買えばきっと、違った世界が見えるんだろうな。

違った世界といえば、今日は帰りに、ツイッターノミクスを買って、電車の中で40ページほどを読んだ。今までとは違った世界が描かれている。日本には起こりえないかな。いや起こっているか。英語圏であれば十分考えられる。Twitter だけのことかと思って読むと違うので、Twitter 事例だけを知りたい人は、別の書籍を読んだほうがよさげ。ブログが出てきて1年くらいたってきたころといわれていたことが、現実としていま起こっている。これは肌感覚でも実感している。「ウッフィー」ってバスワードになるのかな。
翻訳がよく出来ている。REMIX と違い、読みやすい。おそらくは、原文でも読みやすいんだと思われる。津田さんの解説はまだ読んでない。金曜日に大阪に行くので、新幹線の中でゆっくりと読もう。

書籍企画の作り方

ボクがやっている書籍企画のうち、実用書企画を作る方法を書き出してみる。だいたい、次の3つくらいに集約される。

1)流行っている事象を追っかける
2)売れている書籍の亜流を考える
3)著者の話を聞く

知恵を絞って考えることもあるけど、なんか企画を作ろうと思って調べはじめ、知り得る情報をフラットに第三者的に判断し、一読者として書籍にして読みたいかどうかを判断したほうが、概ね売れる打率が上がる。
自分自身が思い入れがありすぎるものは、あまり売れる商品にはならない。自己反省も含め。編集者は、素直でピュアな心を持ち、さまざまなものに永遠の素人であり続けることが必要だと思っている。

1)流行っている事象を追っかける

基本姿勢として、情報感度をあげておく必要がある。編集者は、流行りものに抵抗がないほうがいい。新しいもの好きであることは、悪いことではない。ただし、時流に流されすぎるのは、あまりよくない。微妙なラインでオタクであることは必要である。
エッジのきいたものだと、書籍のような形態まで手をだす人はあんまりいない。専門書の場合、エッジが立っているもののほうがニーズがある場合も、もちろんある。ロングテール商品になっているものは、このパターンも多い。イノベーター商品を扱った書籍に多くみられる。
流行っている事象が、マーケ用語でいうアーリーアダプタからアーリーマジョリティあたり、キャズムを超えるか超えないあたりが、いちばん書籍にすると売れているように思う。その見極めがきちんとできていれば、それほど大外ししない書籍を生み出すことができる。

2)売れている書籍の亜流を考える

よくあるのが、このパターン。ボクがよくやるのは、まったく違うジャンルで売れているものを、自分のやっているジャンルに持ってくること。

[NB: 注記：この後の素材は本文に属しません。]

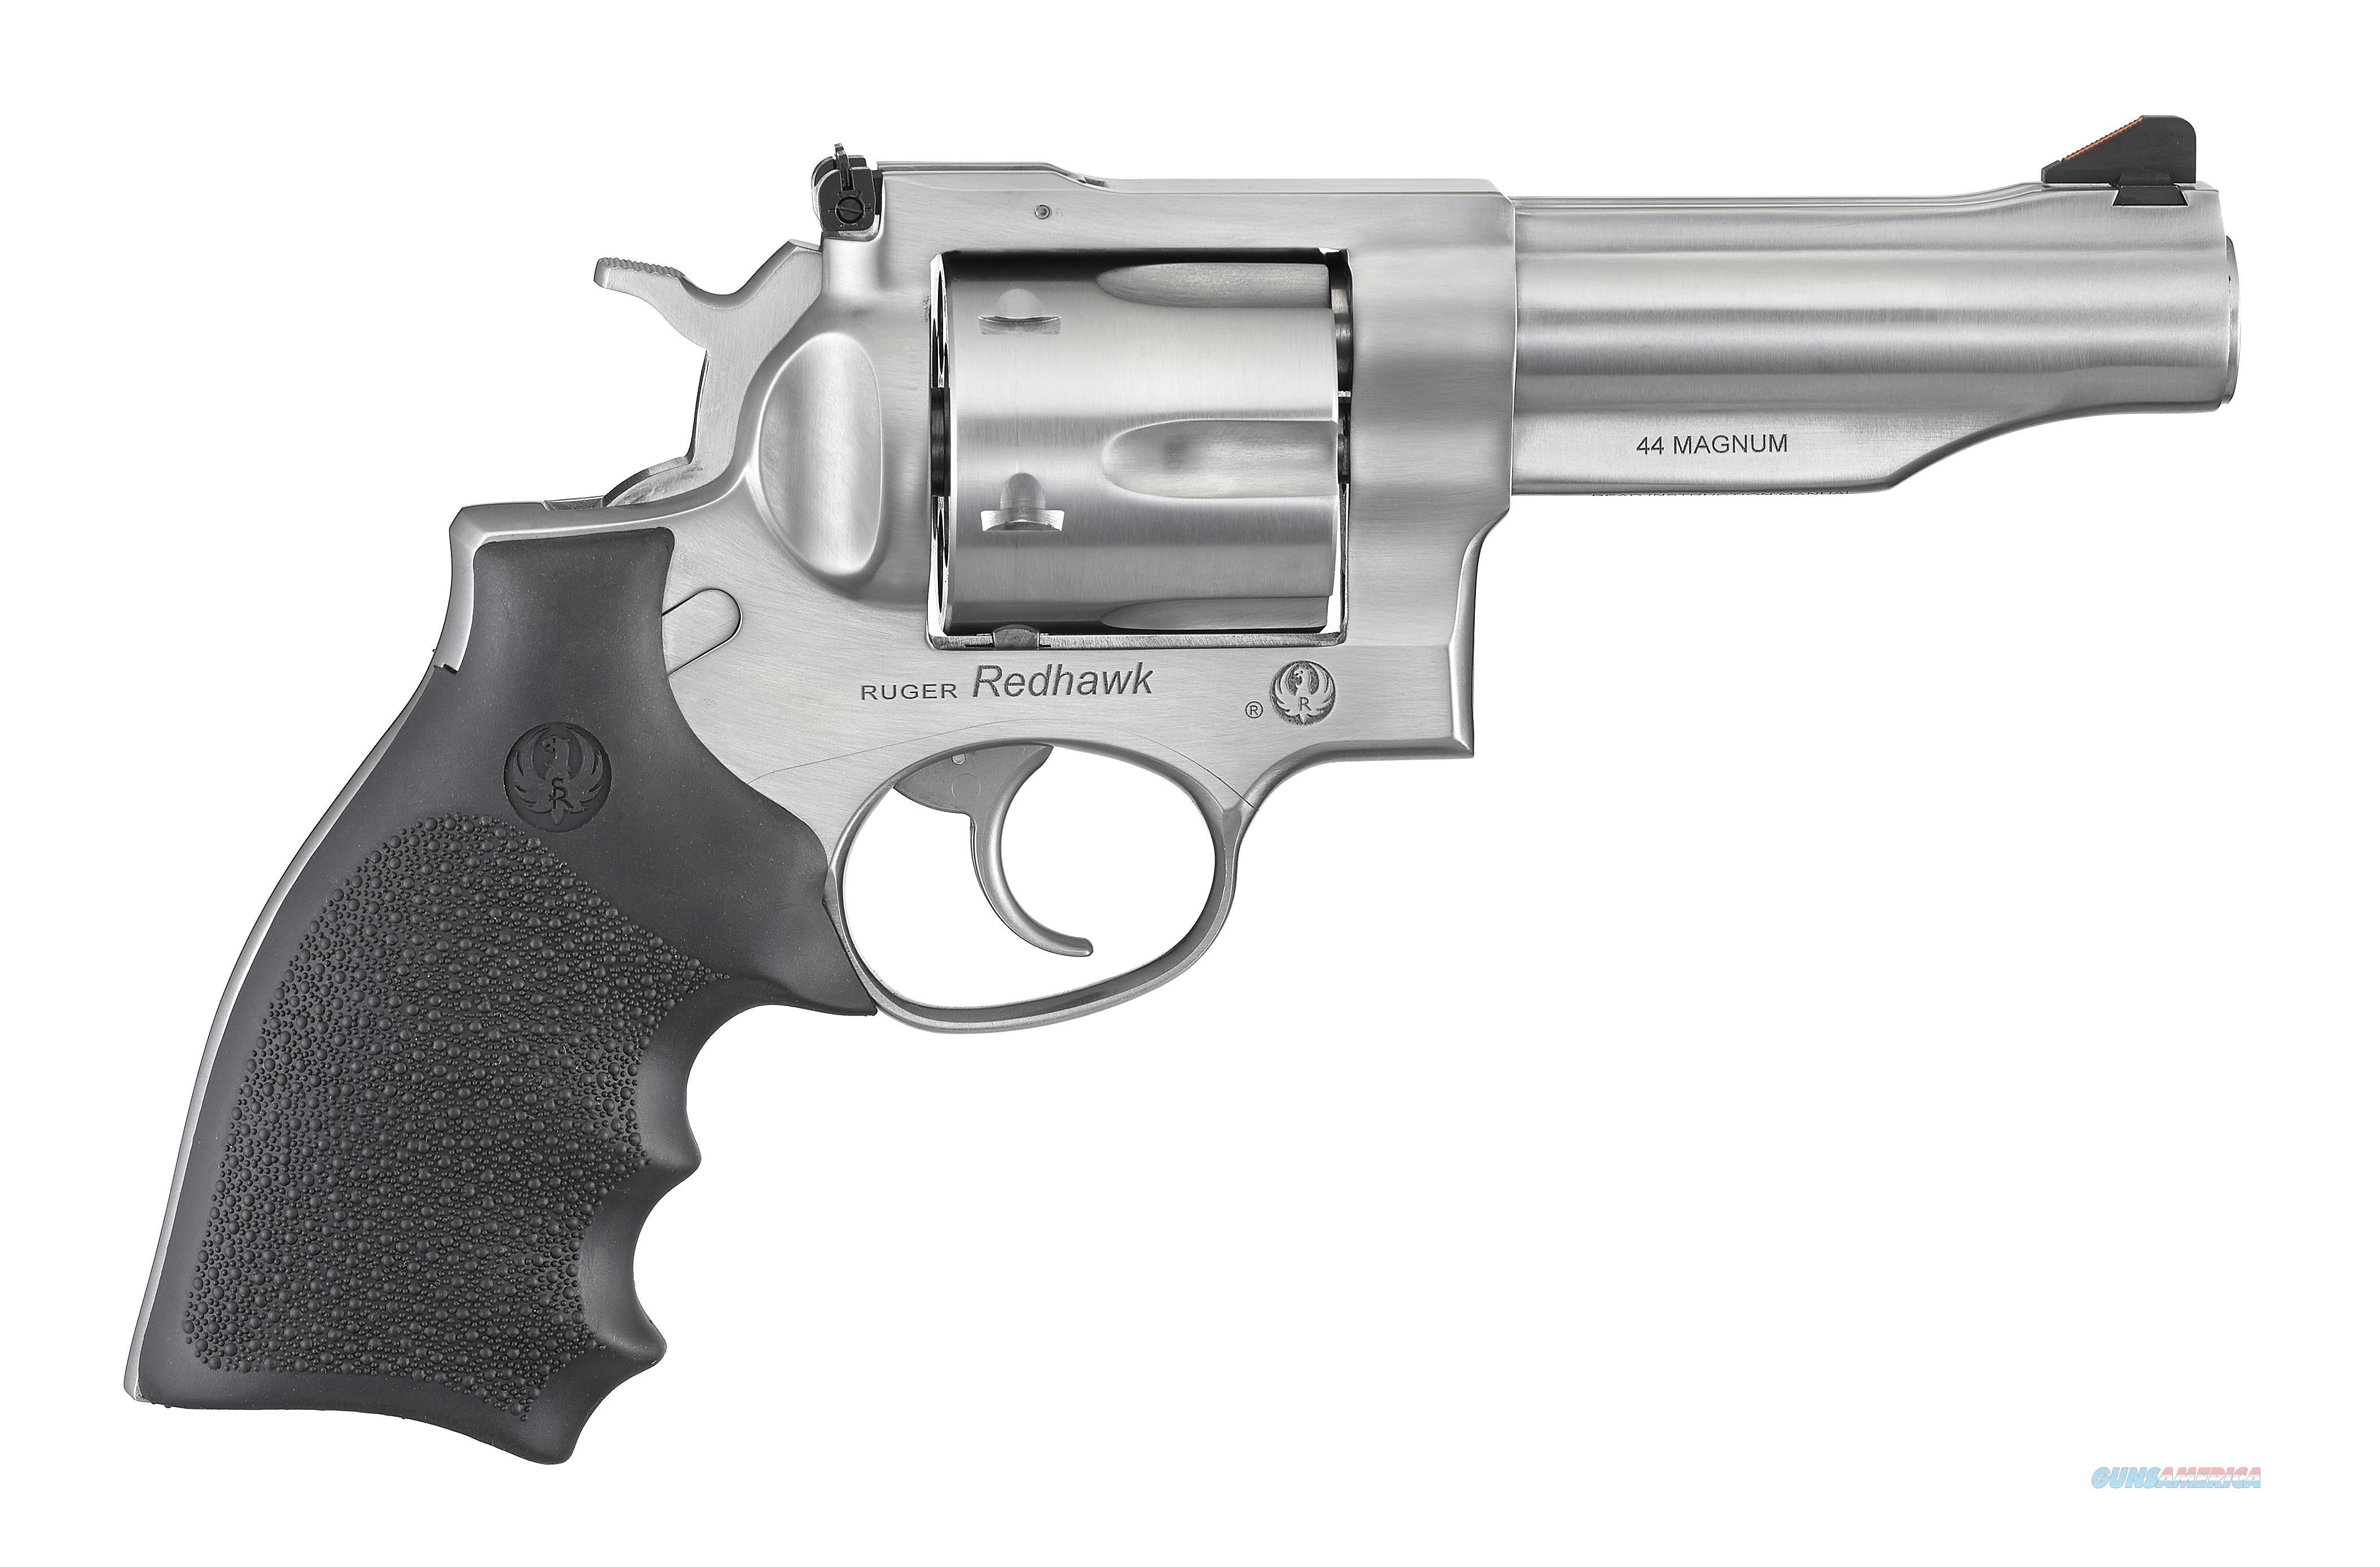 Ruger Redhawk Big Bore Revolver 44 Reming For Sale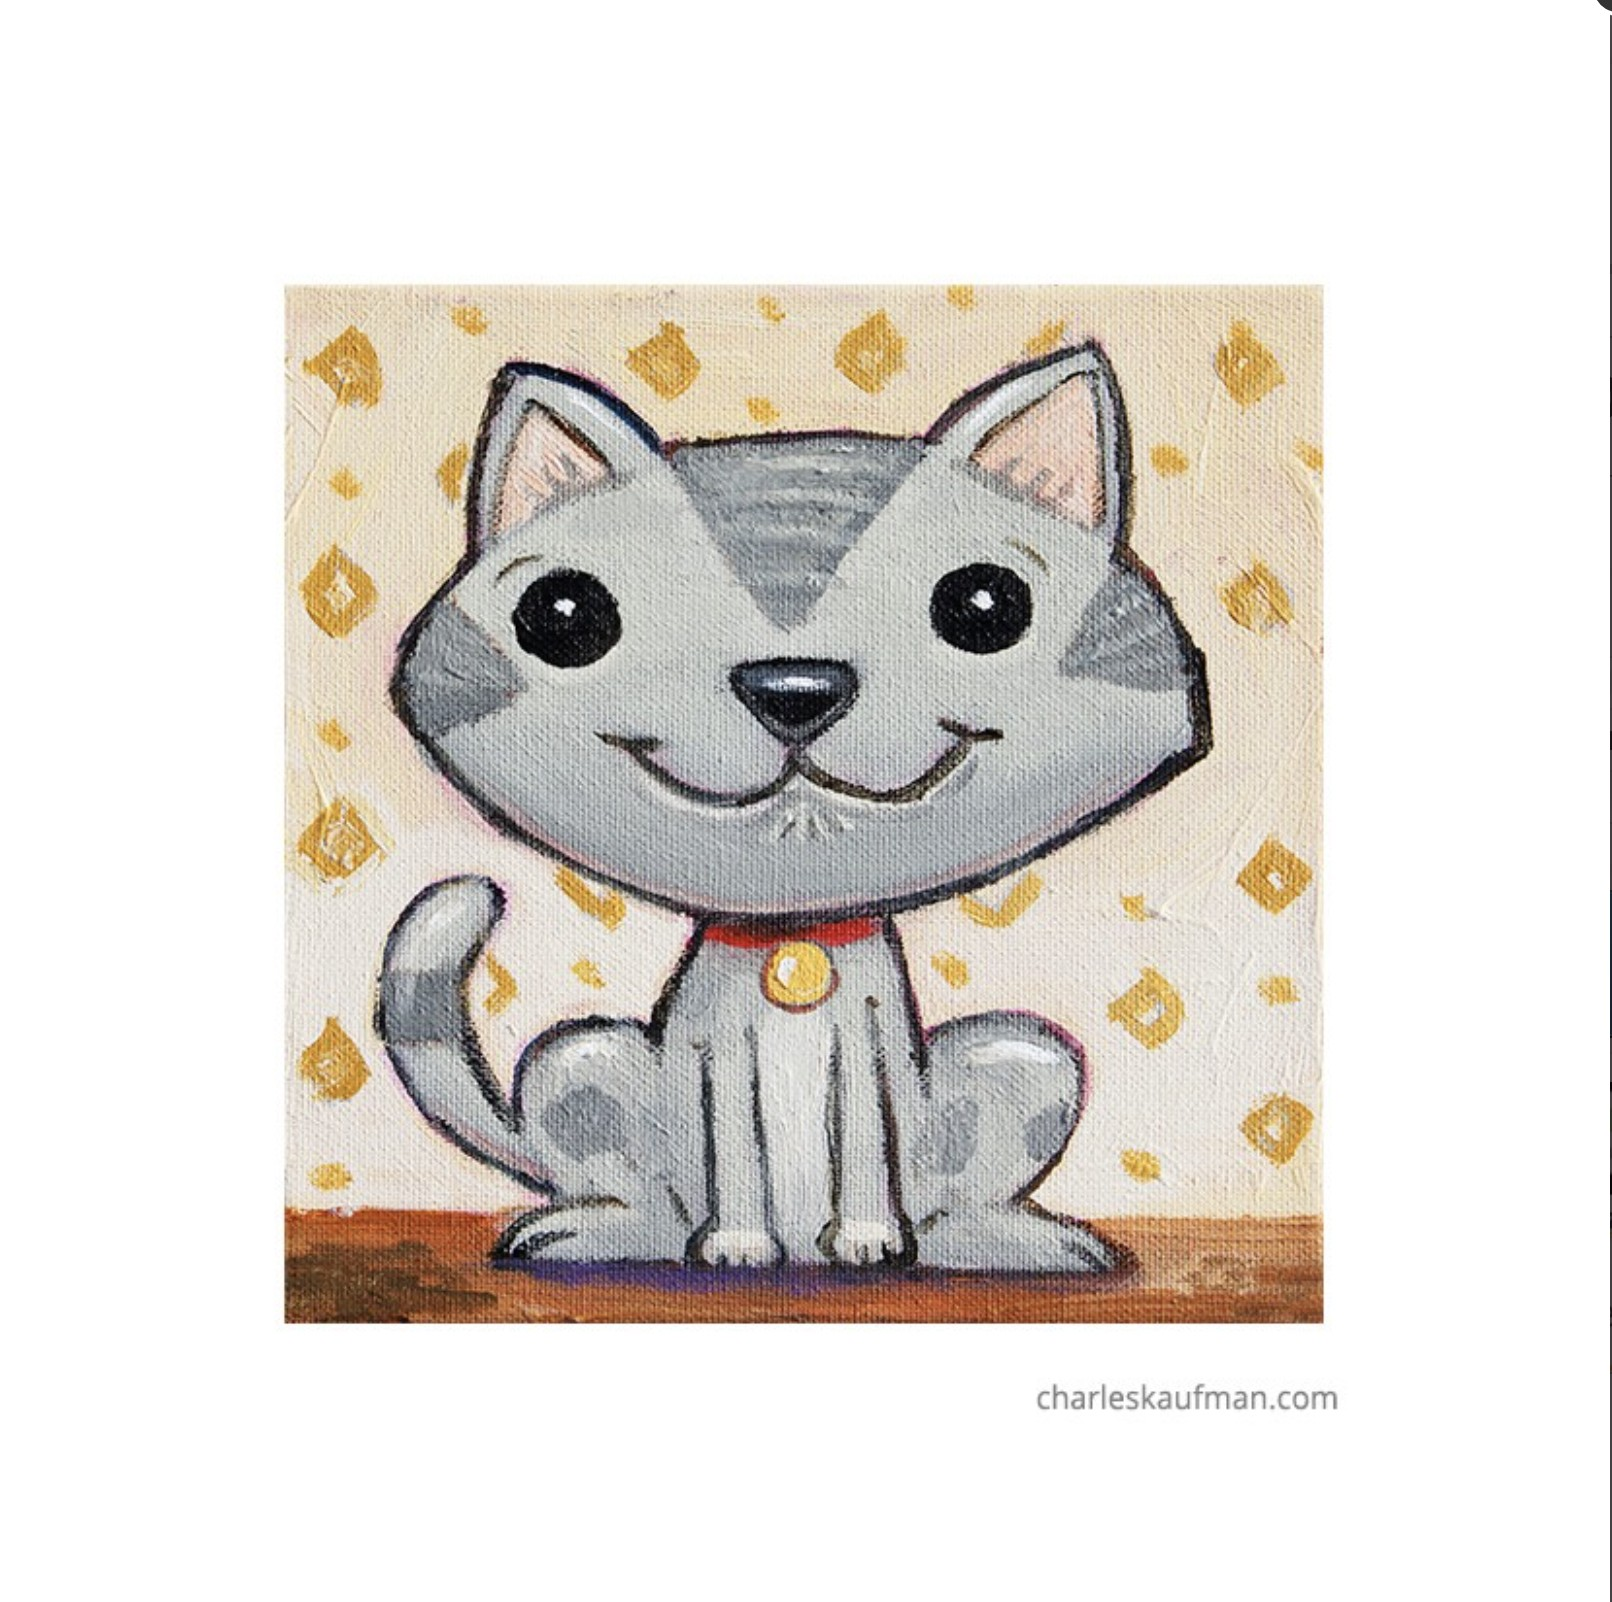 smiling grey cat - Kaufmann, Charles - k-CHK385

最近は、これも飽きてきた。同じジャンルでやると、失敗することも多い。気がついたときには、キャズムを超えていて、あわてて、売れはじめた書籍タイトルに似たものを作る。同じような書籍が店頭に並んでいるなぁと思うのは、大抵3冊くらいだから、その初期の3冊までに入ると、そこそこ売れる書籍が生み出せる。
3冊以上出てくると、書籍を買う人も馬鹿ではないので、内容も見られる。そのときに、必要十分な内容でない限り、売れる書籍を作るのは難しい。だからといって、内容がよければ売れるわけではないのが、このパターンである。
いかに初期の3冊までに入るか、そしてその評判が悪くないものが作れるかが、このパターンのキーになるような気がする。

3)著者の話を聞く

ある事象やムーブメントに敏感な人、一言いわずにはいられない人は、誰でも著者になりうる。そんな人の話は、普通に聞いていても楽しい。ただ話を聞いているだけでも面白いのに、まとまった形でどこにも存在していない。そんな場合は、普通に書籍にする。本当にできるかどうかは、置いておくとして。
最近では、そんな人自身も、ブログをやっていたりして、改めて書籍にしないでも、読み物として世の中に公表されている。じゃ、ブログでいいのでは?いうことになる。ここからが、編集者の腕の見せ所だと思っている(というかそうだと信じている。人によると思うし、自分の職業を肯定しているわけでもないが)。
必要なことは、書き手が伝えたいとどれだけ強く思っているか。書籍はやっぱり著者、コンテンツをもった人が大事。さまざまなものに精通した人というのは、いるにはいるが、何かに特化したものを持っている人のほうが、書籍を書くのに適した人物だと。ライターは別だけど。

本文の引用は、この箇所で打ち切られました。